Ce film à sketches est le dernier long métrage réalisé par les frères Coen, Joel et Ethan, il y a six ans. Depuis chacun a développé des projets en solo (Joel a signé notamment une adaptation de Macbeth pour le grand écran, qui comme toutes autres a fait un bide, confirmant la malédiction de cette pièce de Shakespeare) tandis que Ethan sort actuellement Drive-Away Dolls (un thriller lesbien qui doit débuter une trilogie). Mais, récemment, on a appris que les frangins seraient prêts à retravailler ensemble, donc croisons les doigts.
Pour en revenir à La Ballade de Buster Scruggs, on ne s'étonnera ni de l'inégalité du résultat ni du fait que ce soit produit par Netflix, la plateforme de streaming étant devenu le refuge de cinéastes ayant du mal à trouver à la fois des financements auprès des grands studios traditionnels et la liberté artistique qu'ils souhaitent (avec notamment le final cut) - pour s'en convaincre, il suffit de citer les exemples de David Fincher (Mindhunter, Mank, The Killer), Jane Campion (The Power of the Dog) ou de Tim Burton (qui a initié la série à succès Mercredi).

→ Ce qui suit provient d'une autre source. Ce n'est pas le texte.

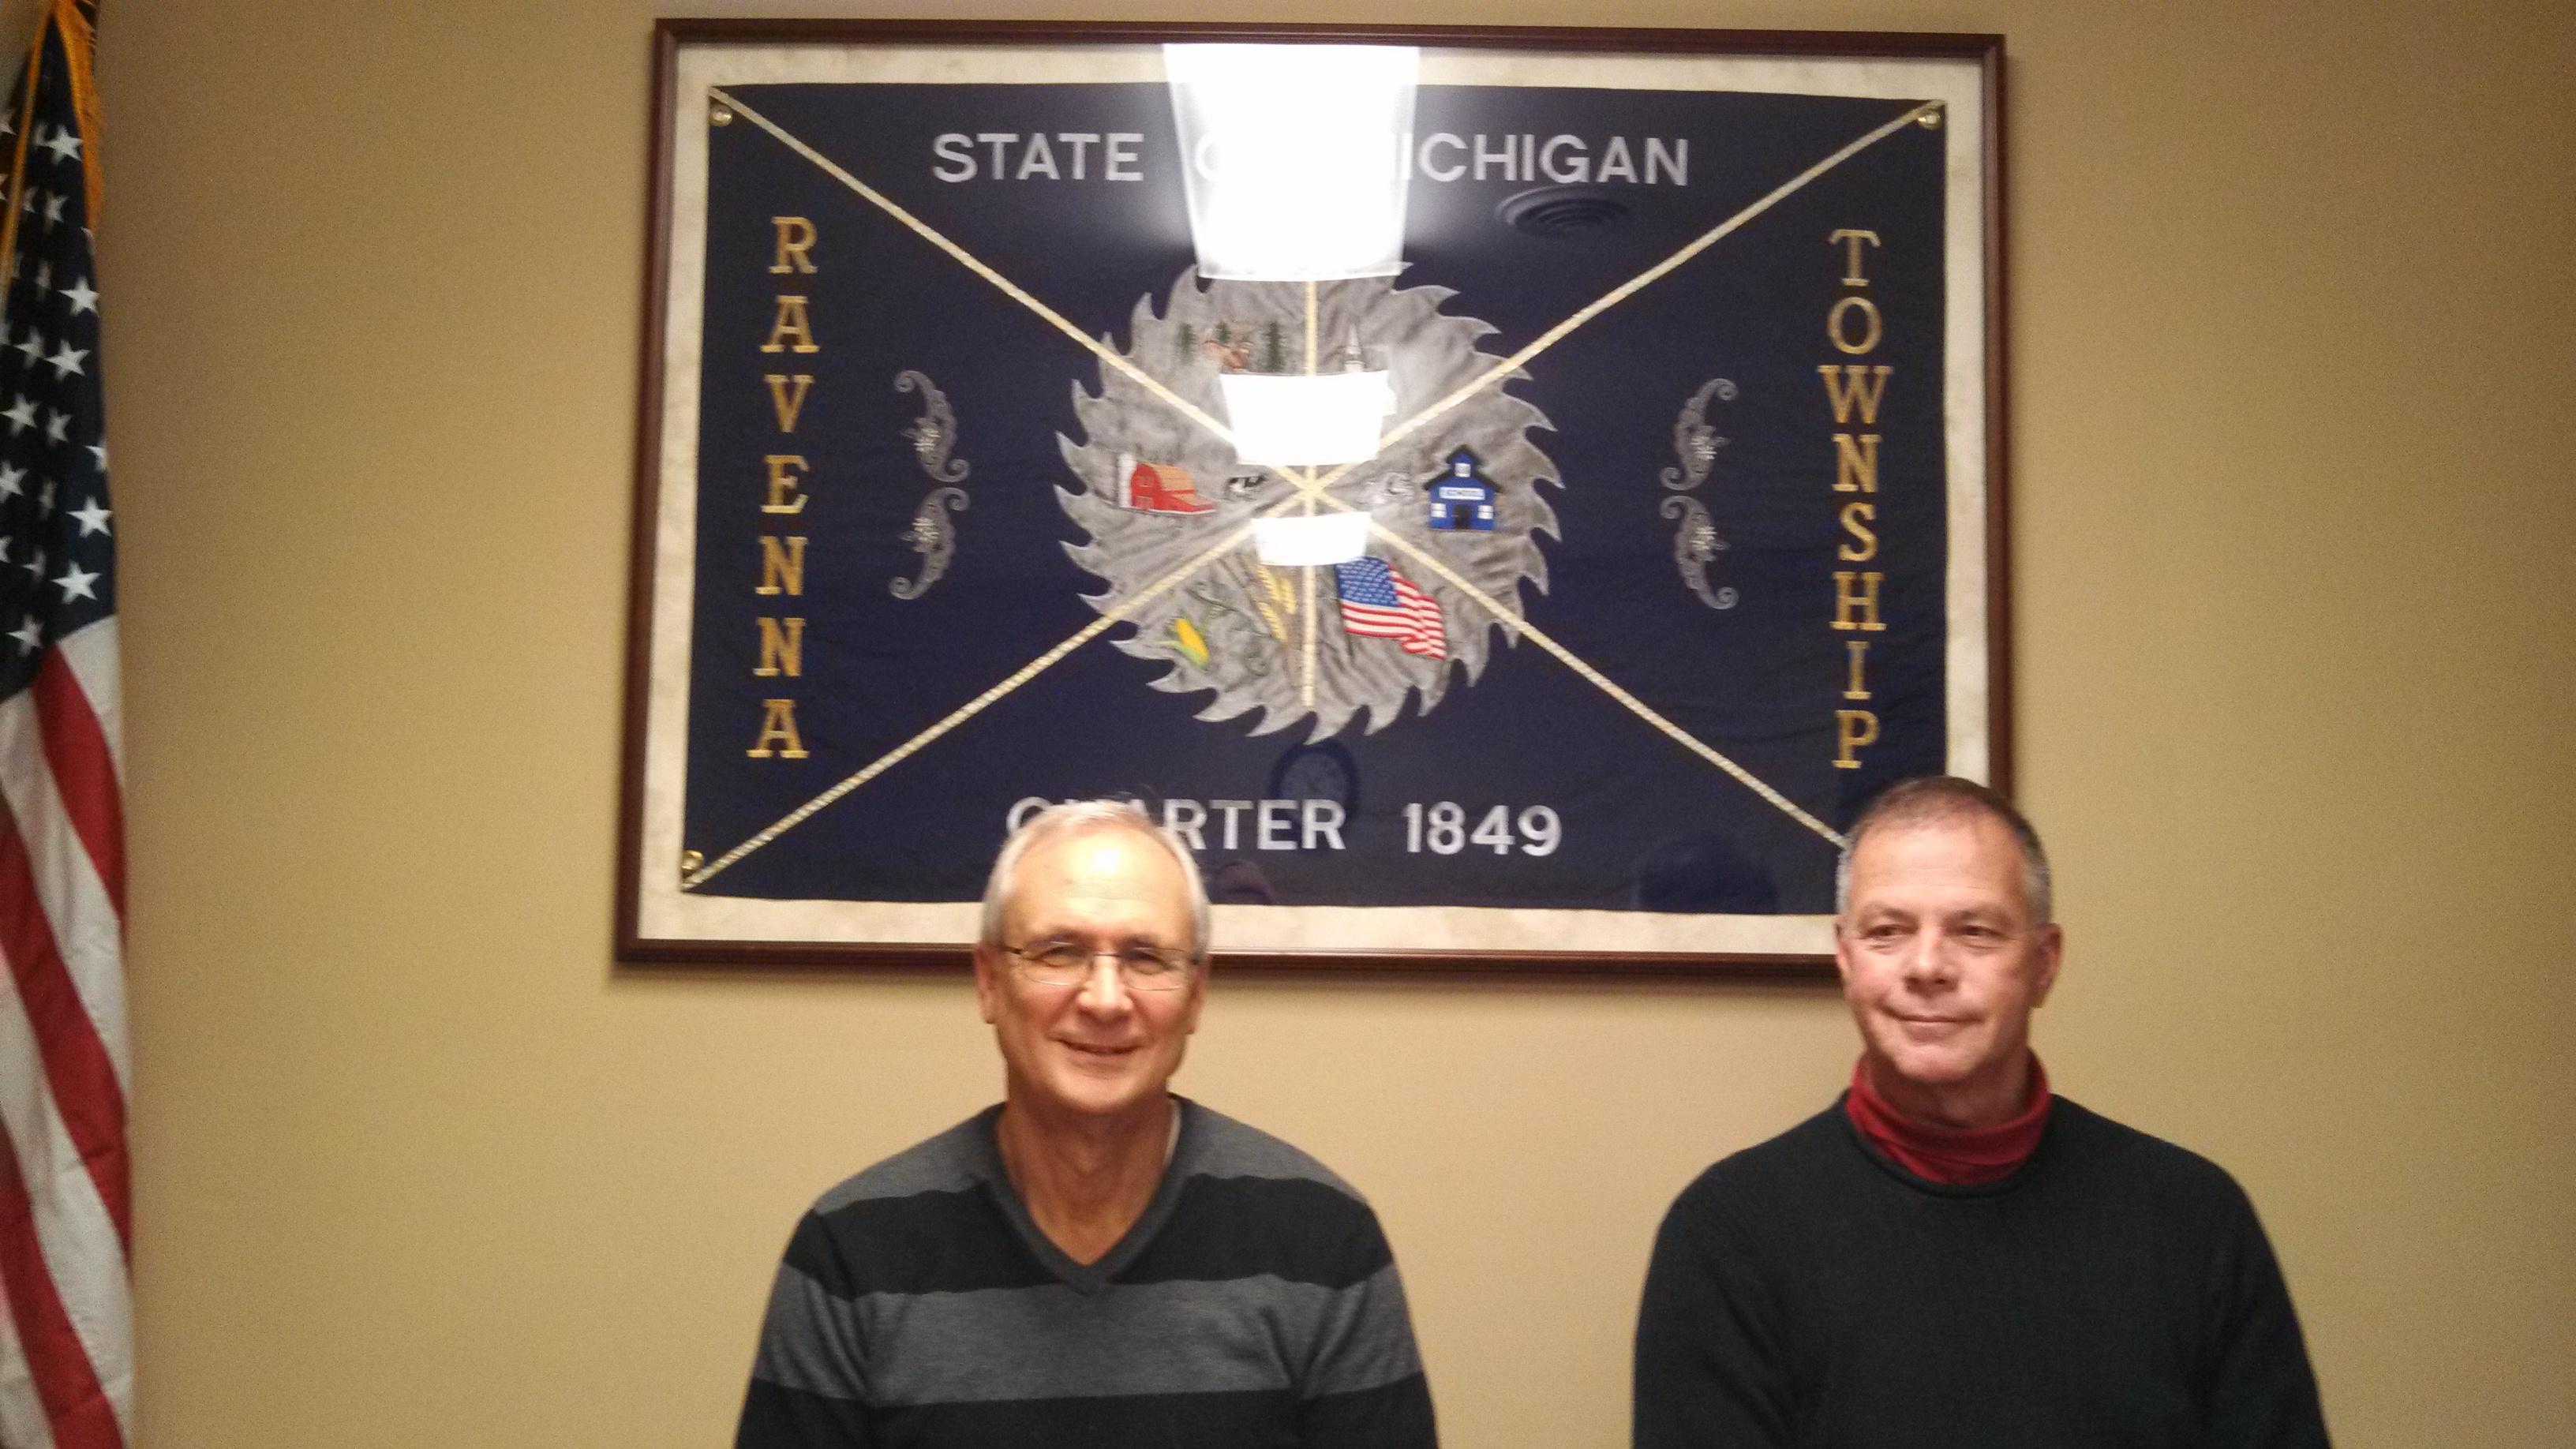 Ravenna Township Assessors Dennis Burns & Jerry Groenveld

Les frères Coen ont décidé d'investir à nouveau le genre du western dans lequel ils comptent de belles réussites comme True Grit, O'Brother et aussi No Country for old man (même s'il s'agit là d'une sorte de post-western). Comme un recueil de nouvelles, ils imaginent six histoires courtes qui ont toutes en commun le thème du destin.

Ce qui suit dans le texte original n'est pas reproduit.